[SUPPLIED MATERIAL]:
○ ○ ○ ○

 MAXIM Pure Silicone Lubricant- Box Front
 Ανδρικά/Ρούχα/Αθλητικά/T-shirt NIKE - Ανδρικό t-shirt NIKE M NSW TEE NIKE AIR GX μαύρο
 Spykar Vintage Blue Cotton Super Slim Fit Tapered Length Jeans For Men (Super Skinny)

○ ○ ○ ○

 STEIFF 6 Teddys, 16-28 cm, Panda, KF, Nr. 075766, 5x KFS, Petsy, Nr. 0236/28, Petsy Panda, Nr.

○ ○ ○ ○

[ACTIVITY]: Taking the lines above, repeat exactly those from the line that contains "MAXIM Pure Silicone Lubricant- Box Front" through the line that contains "Spykar Vintage Blue", and both of those lines as well. Include nothing else.

[RESULT]:
 MAXIM Pure Silicone Lubricant- Box Front
 Ανδρικά/Ρούχα/Αθλητικά/T-shirt NIKE - Ανδρικό t-shirt NIKE M NSW TEE NIKE AIR GX μαύρο
 Spykar Vintage Blue Cotton Super Slim Fit Tapered Length Jeans For Men (Super Skinny)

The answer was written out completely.